Иеремия жалобно молча смотрит ему вслед. Дверь в туалет открывается. Снова замедленная съемка. Натан полуоборачивается и мы видим его глаза. Иеремия, как во сне, идет следом, его рука – как чужая, – все еще на плече Нику, тот по-прежнему держит свою – как чужую, – на талии Иеремии.

Дверь закрывается, и мы успеваем увидеть, как Нику медленно начинает приближаться к Иеремии с закрытыми глазами и вытянутыми губами.

Если бы напротив него не было мужчины, то Нику выглядел бы как восьмиклассник на первом свидании с восьмиклассницей, которая со времен вальса в 3 классе обзавелась грудью, оволосением лобкового покрова, кокетливой улыбкой и прочими ловушками.

Дверь закрывается…

Снова на экране сцена с Натали Портмен. Она танцует. Камера отдаляется и постепенно девушка в наряде балерины становится белой пушинкой. Отъезд, и мы видим, что это перышко, которое, кружась, – с камерой, – плавно опускается на плитку туалета в аэропорту. Плитка вся в красных пятнах и полосах. Общий план: Ион и Нику лежат мертвые, очень мертвые, на полу, Натан переодевается в углу в одежду Иона, а Иеремия яростно бьет головой мертвого Нику по полу.

– Я, – кричит он.

– Не, – кричит он.

– Голубой! – кричит он.

Каждый выкрик сопровождается ударом головы несчастного об пол.

– Я! – кричит он.

– Служил! – кричит он.

– В спецназе! – кричит он.

– Иеремия, это не аргумент, – мягко замечает Натан.

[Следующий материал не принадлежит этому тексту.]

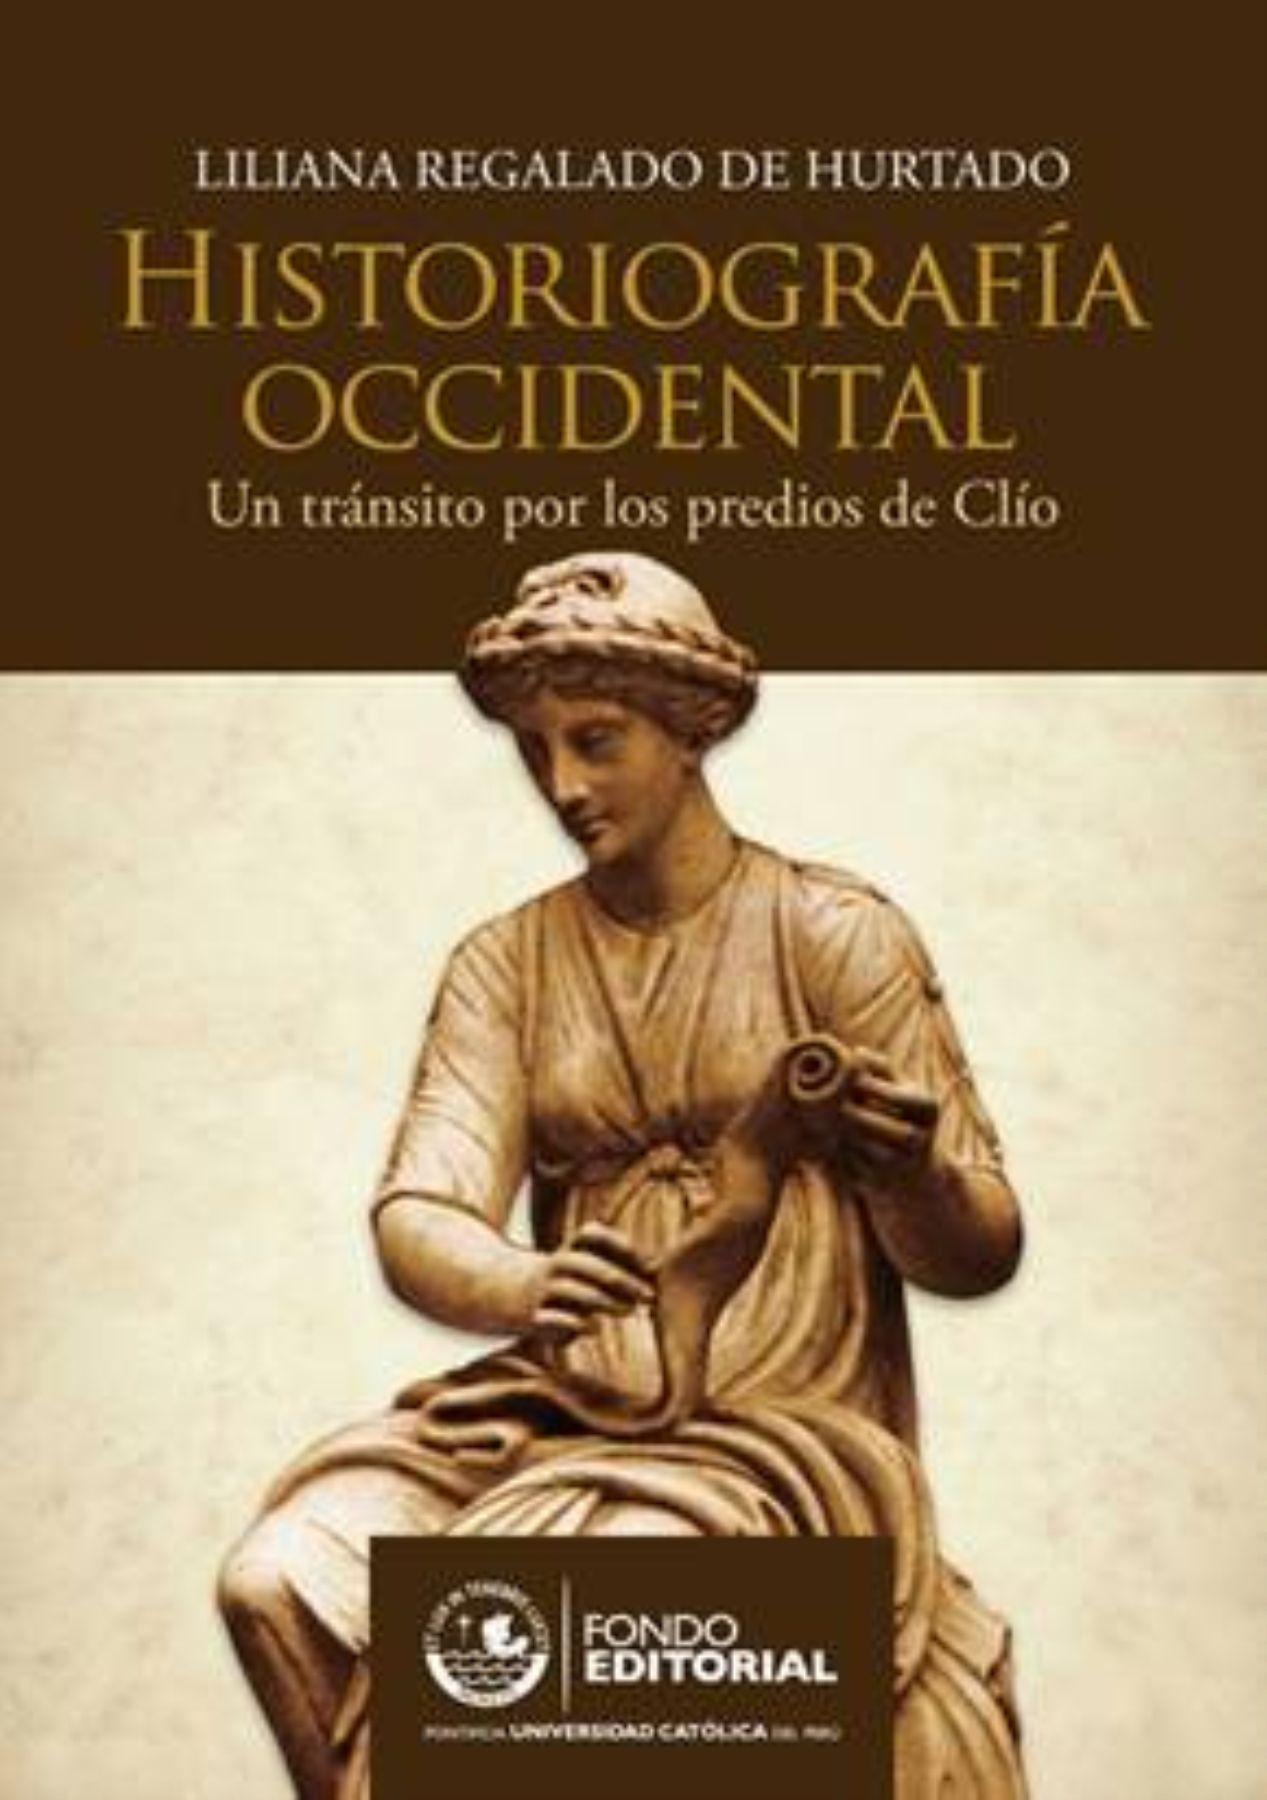 """El libro """"Historiografía occidental. Un tránsito por los predios de Clío"""", de la investigadora Liliana Regalado. Foto: ANDINA/archivo."""

– И потом, он тебя не слышит, – говорит он.

Становится перед зеркалом. Рассматривает себя. В руках у него документы молдаван. Иеремия тупо глядит на него, потом – видно, что отходит, – встает, и начинает переодеваться. Стаскивает одежду Нику, – сначала штаны, – и становится похож на голубого и в самом деле. Натан, видимо, об этом и думает, поэтому не может сдержать улыбки.

Внезапно дверь раскрывается и в туалет на полкорпуса входит уборщик, который застывает.

– Иеремия, – говорит Натан.

– Ты УТОМИЛ, – говорит Натан.

– Сколько раз я тебя просил, ЗАКРЫВАЙ ДВЕРИ, – говорит он.

– Каждый раз, когда нам нужно кого-нибудь убить, ты мля, кретин, оставляешь открытой дверь, – говорит он.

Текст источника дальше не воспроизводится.